A dealer is a person or firm that buys and sells securities or other financial assets for its own account as part of a regular business. In securities markets, dealers often provide liquidity by quoting prices at which they are willing to buy or sell.
A dealer differs from an agent who acts only on behalf of a customer. Many firms are broker-dealers because they may act as brokers in some transactions and dealers in others.
Key Takeaways
- A dealer trades for its own account as part of a business.
- Dealers may quote bid and ask prices and earn the spread.
- A broker acts for a customer, while a dealer acts as principal.
- Broker-dealers are subject to securities registration, supervision, and conduct rules.
- Dealer activity can improve liquidity but can also create conflicts that require disclosure and controls.
How Dealers Work
When a dealer buys a bond into inventory and later sells it to a customer, the dealer is acting as principal. The dealer's compensation may come from the markup, markdown, spread, or other transaction economics rather than a separately stated commission.

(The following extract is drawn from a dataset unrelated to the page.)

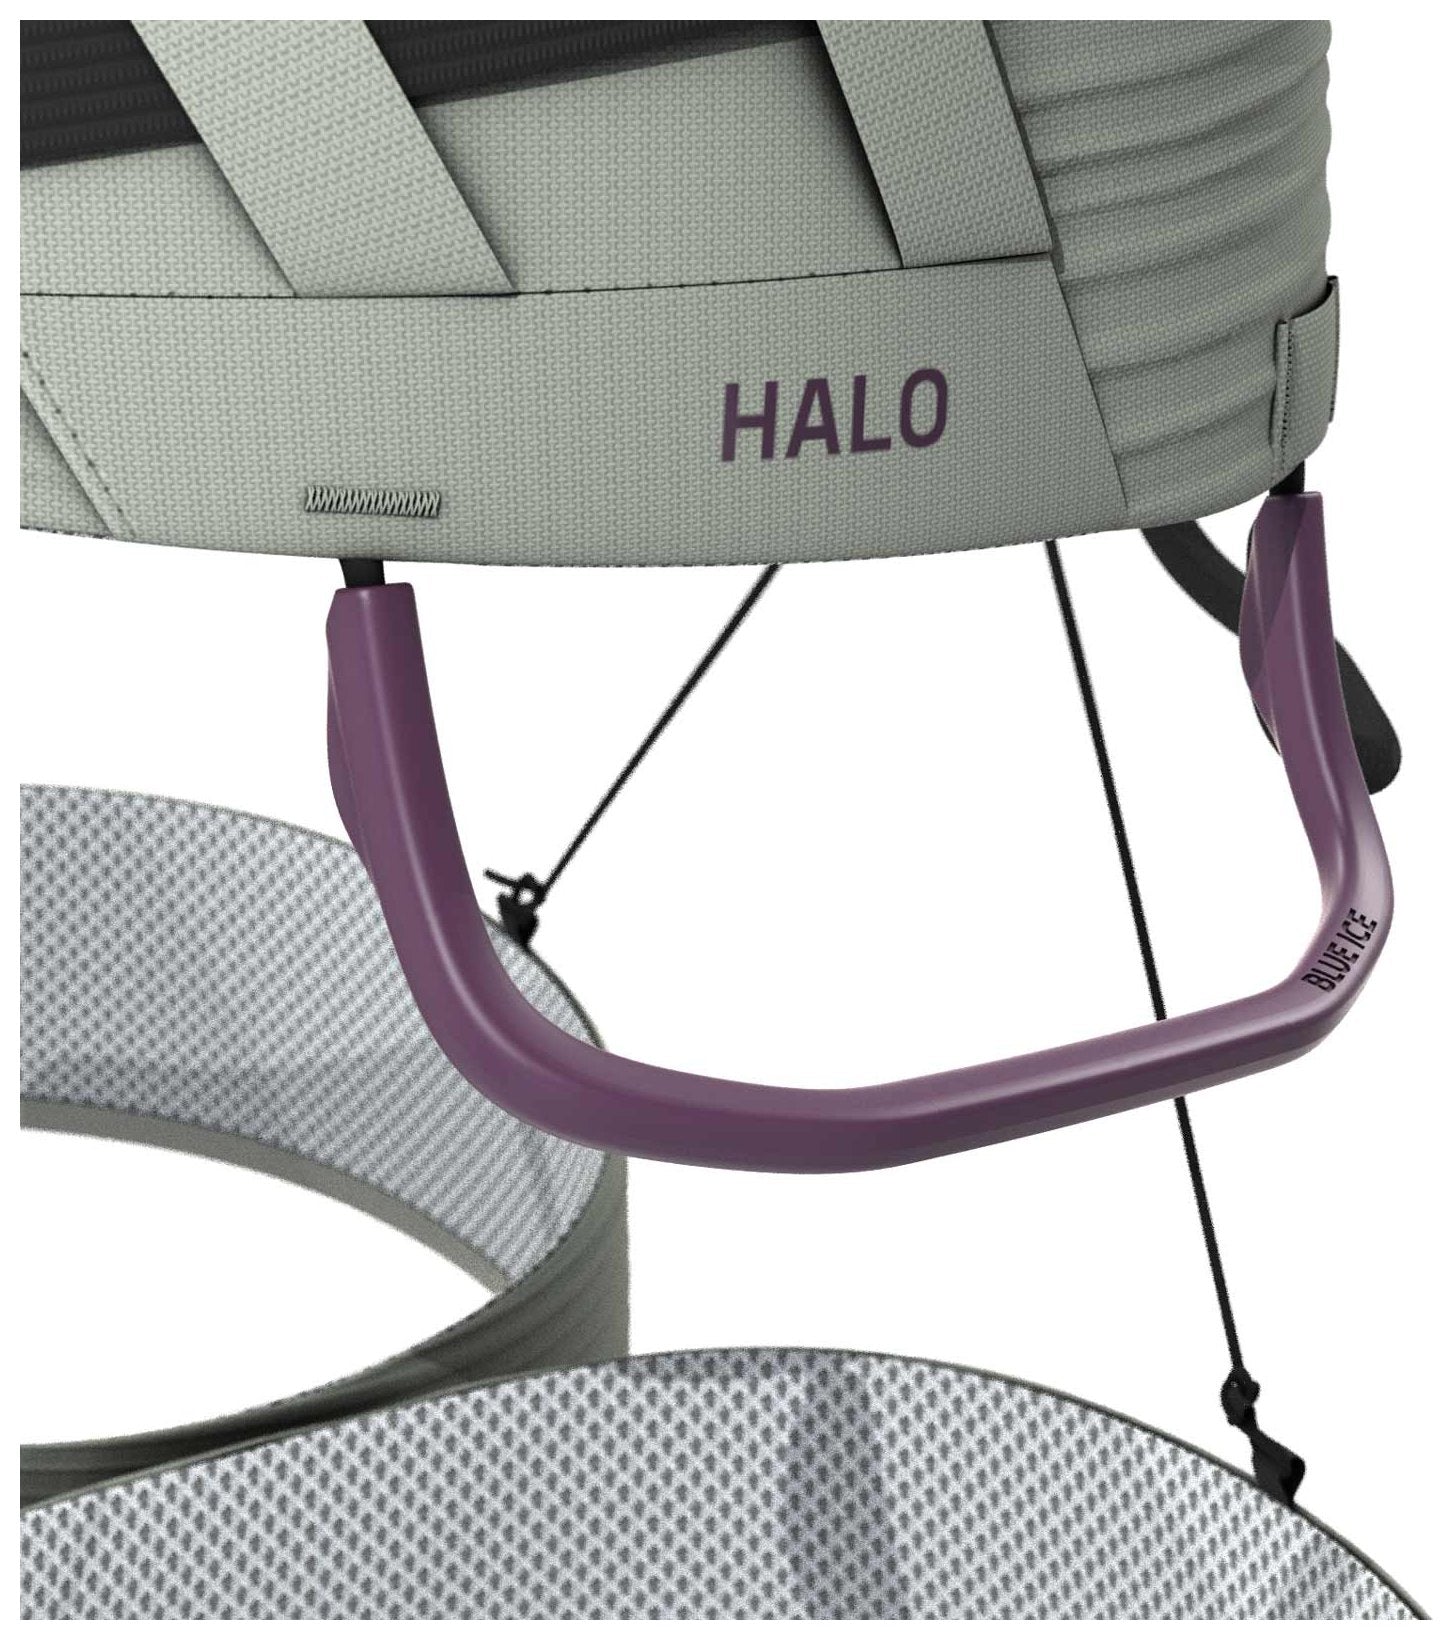 Halo, climbing harness

Dealers are important in markets that trade over the counter, where buyers and sellers may not meet on a centralized exchange. They can help customers transact when there is no immediate natural counterparty.
Dealer vs. Broker
Role | Acts for | Common compensation |
|---|---|---|
Dealer | Its own account as principal | Spread, markup, markdown |
Broker | Customer as agent | Commission or fee |
Market maker | Quotes continuous or regular prices | Bid-ask spread |
Trader | May trade for personal or institutional account | Investment gain or loss |
Why It Matters
Dealers affect transaction costs, liquidity, execution quality, and price discovery. In bond and other OTC markets, customers often rely on dealer quotes to understand available prices.
The role also matters for conflicts. A dealer may have inventory, hedging needs, or pricing incentives that differ from the customer's goals, which is why regulatory obligations and disclosures matter.
Limits and Misunderstandings
A dealer is not simply anyone who trades. Under securities law, dealer status generally turns on whether the person or firm is engaged in the business of buying and selling securities for its own account.
A dealer is also not always taking large directional risk. Many dealers hedge inventory or turn over positions quickly, though they still face market, credit, operational, and liquidity risk.
The Bottom Line
A dealer is a market participant that trades as principal as part of a business. Dealers can support liquidity and execution, but customers should understand when a firm is acting for itself rather than solely as an agent.